Hasilnya, keberagaman kebijakan dalam pengembangan perpustakaan pada tiap
daerah secara umum tidak menguntungkan bagi penyelenggaraan perpustakaan secara
profesional. Tarik menarik kepentingan pada pemerintahan daerah menyebabkan
eksistensi perpustakaan di daerah mengalami pasang surut. Seperti halnya kasus
pencoretan anggaran pengadaan buku perpustakaan oleh panitia anggaran DPRD
Lembata yang dimuat pada HU Pos Kupang (2/11-07). Kasus tersebut terjadi karena
ketiadaan komitmen pemerintahan daerah Lembata untuk mewujudkan masyarakat
informasi. Akibatnya hak warga negara untuk mendapatkan layanan perpustakaan
bagi peningkatan ilmu pengetahuan tidak dapat dipenuhi secara maksimal. Maka
tidak heran jika sebagian besar masyarakat NTT masih berkutat dengan kebodohan
dan kemiskinan. Padahal “melek huruf“mendorong
orang untuk lebih kreatif dalam menghadapi masalah dengan berbekal ilmu
pengetahuan.

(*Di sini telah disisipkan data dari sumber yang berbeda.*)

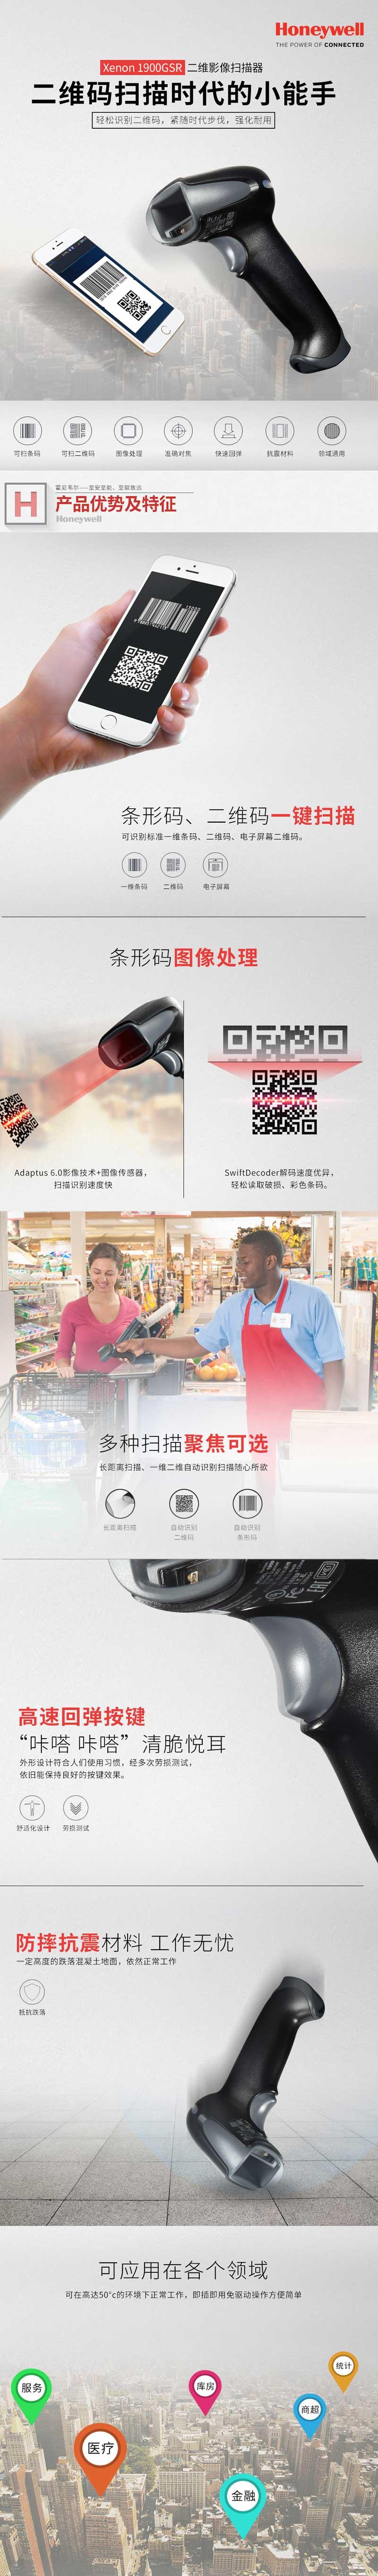 霍尼韦尔(Honeywell)1900GSR 二维码条形码农资医药扫描枪 可扫电子屏幕扫描器 商场超市快递扫码枪
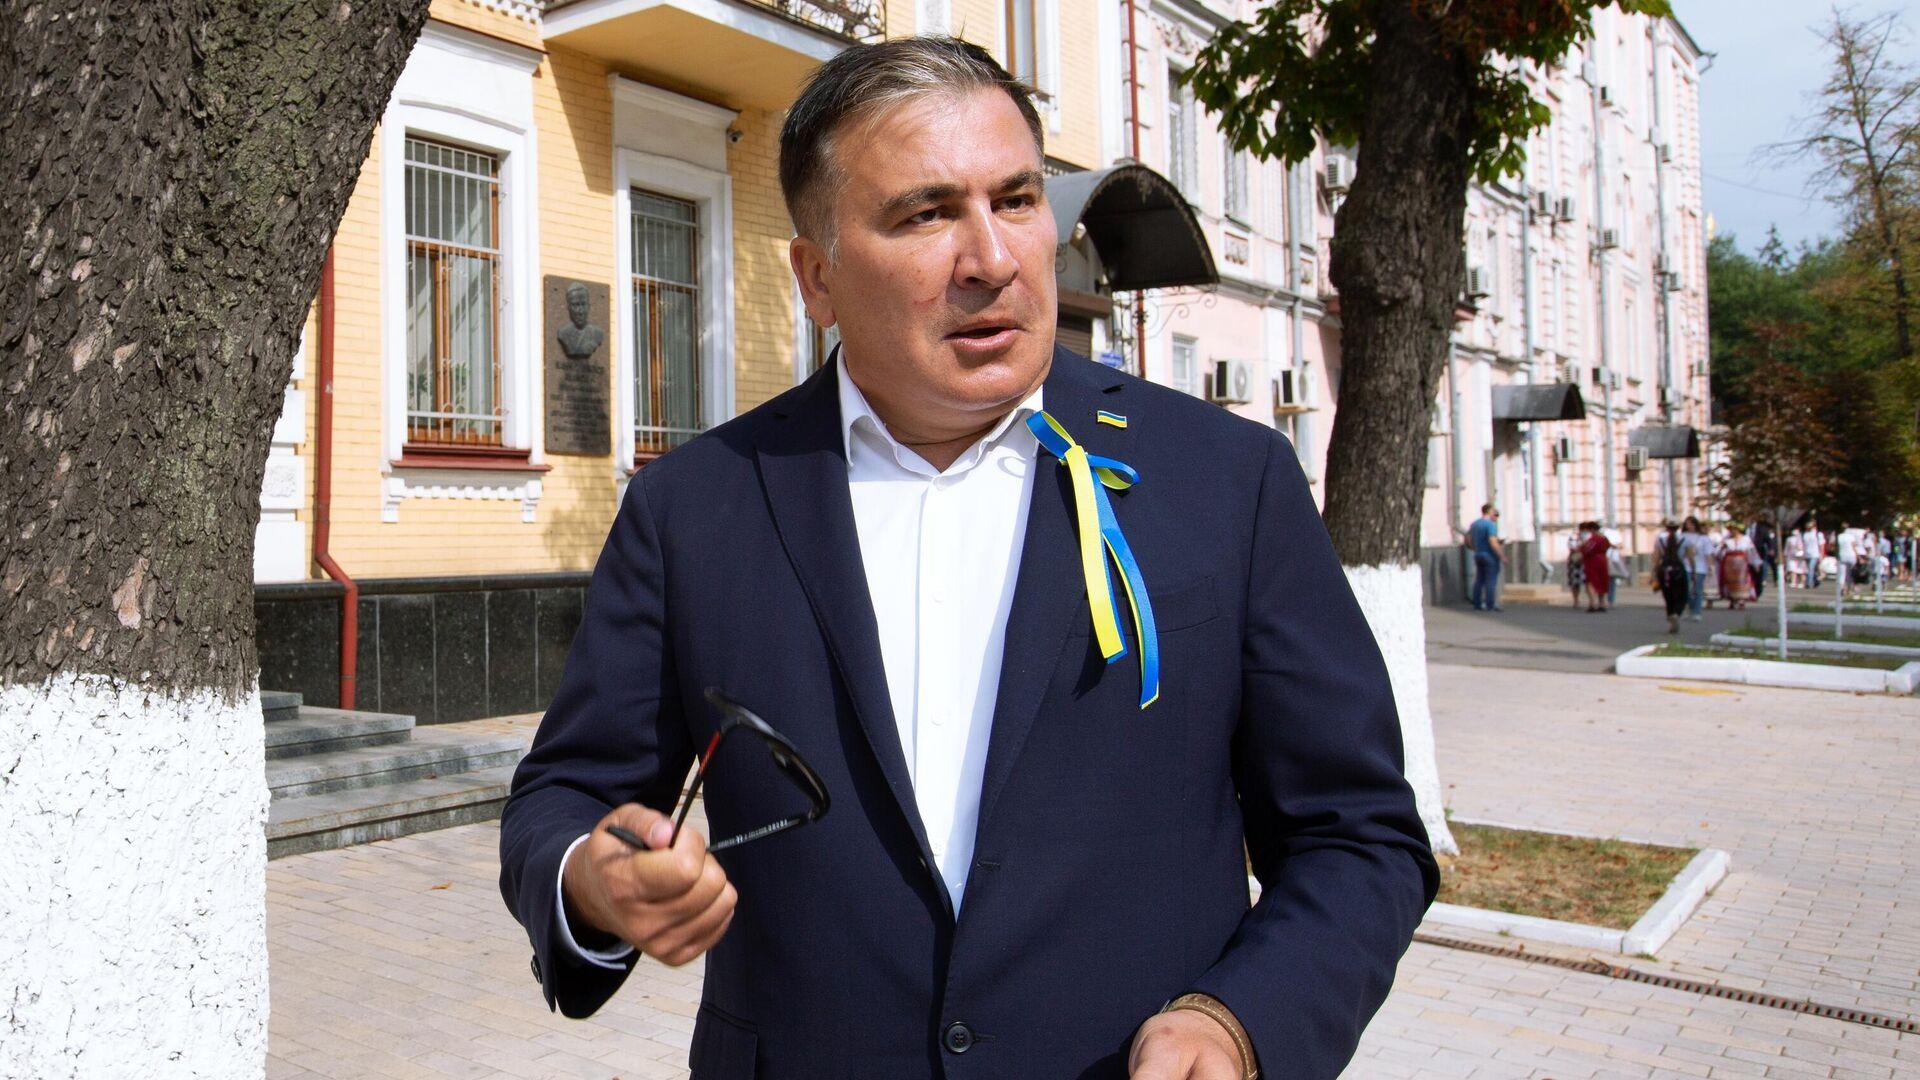 Бивши председник Грузије Михаил Сакашвили - Sputnik Србија, 1920, 03.10.2021

Sedangkan “melek informasi” akan membuat kita pandai dalam membaca
peluang.
Kemiskinan yang membelit masyarakat di NTT ini akibat dari
tingginya angka buta huruf dan informasi. Survei terakhir BPS pada September
2006 menunjukkan bahwa 370.710 warga yang buta huruf dan 80 % diantaranya
berada di desa-desa terpencil dan sulit dijangkau. Pemerintah Daerah tentunya
tidak berpangku tangan melihat kondisi tersebut. Program Wajib belajar dan
pendidikan kesetaraan tengah gencar dilaksanakan untuk memerangi kebodohan
tersebut. Namun program-program tersebut akan kontraproduktif jika tidak di
sinergikan dengan sarana penunjang pendidikan yang memadai. Sebagai gambaran,
seseorang yang telah “melek” huruf berpotensi menjadi buta huruf lagi jika dia
tidak secara konsisten melatih ketrampilan membacanya karena ketiadaan bahan
bacaan. Sepantasnya jika program pemberantasan buta aksara dan informasi
disinergikan dengan pembentukan perpustakaan-perpustakaan dikantong-kantong
buta aksara. Karena pada hakekatnya, perpustakaan merupakan sarana pembelajaran
sepanjang hayat. Konsepsi pendidikan seumur hidup tersebut dapat diterjemahkan
dengan menjadikan perpustakaan desa sebagai :
1.)
Pusat
informasi : dengan menyediakan fasilitas internet. Fasilitas ini menjadi sebuah
kebutuhan di era informasi yang bergulir cepat seperti sekarang ini. Internet
akan membuka cakrawala baru bagi penduduk yang hidup didaerah-daerah terisolir
sehingga dia tetap mengikuti perkembangan dunia yang tengah terjadi.
2.)
Pusat
pendidikan : perpustakaan desa memungkinkan berkumpulnya sumber informasi
dengan penggunanya. Dilihat dari jenisnya, perpustakaan desa menyediakan
koleksi buku yang mencakup ilmu
pengetahuan dan ilmu terapan. Penggunanya pun dapat memilah dan
membekali diri dengan ilmu sesuai kebutuhannya.
3.)
Pusat
rekreasi : Secara umum penduduk desa, terutama yang tinggal didaerah terpencil
mengalami keterbatasan media hiburan. Perpustakaan desa dapat berfungsi sebagai
sarana rekreasi dengan menyediakan koleksi-koleksi yang bersifat menghibur,
semisal: koran, majalah serta buletin penyuluhan.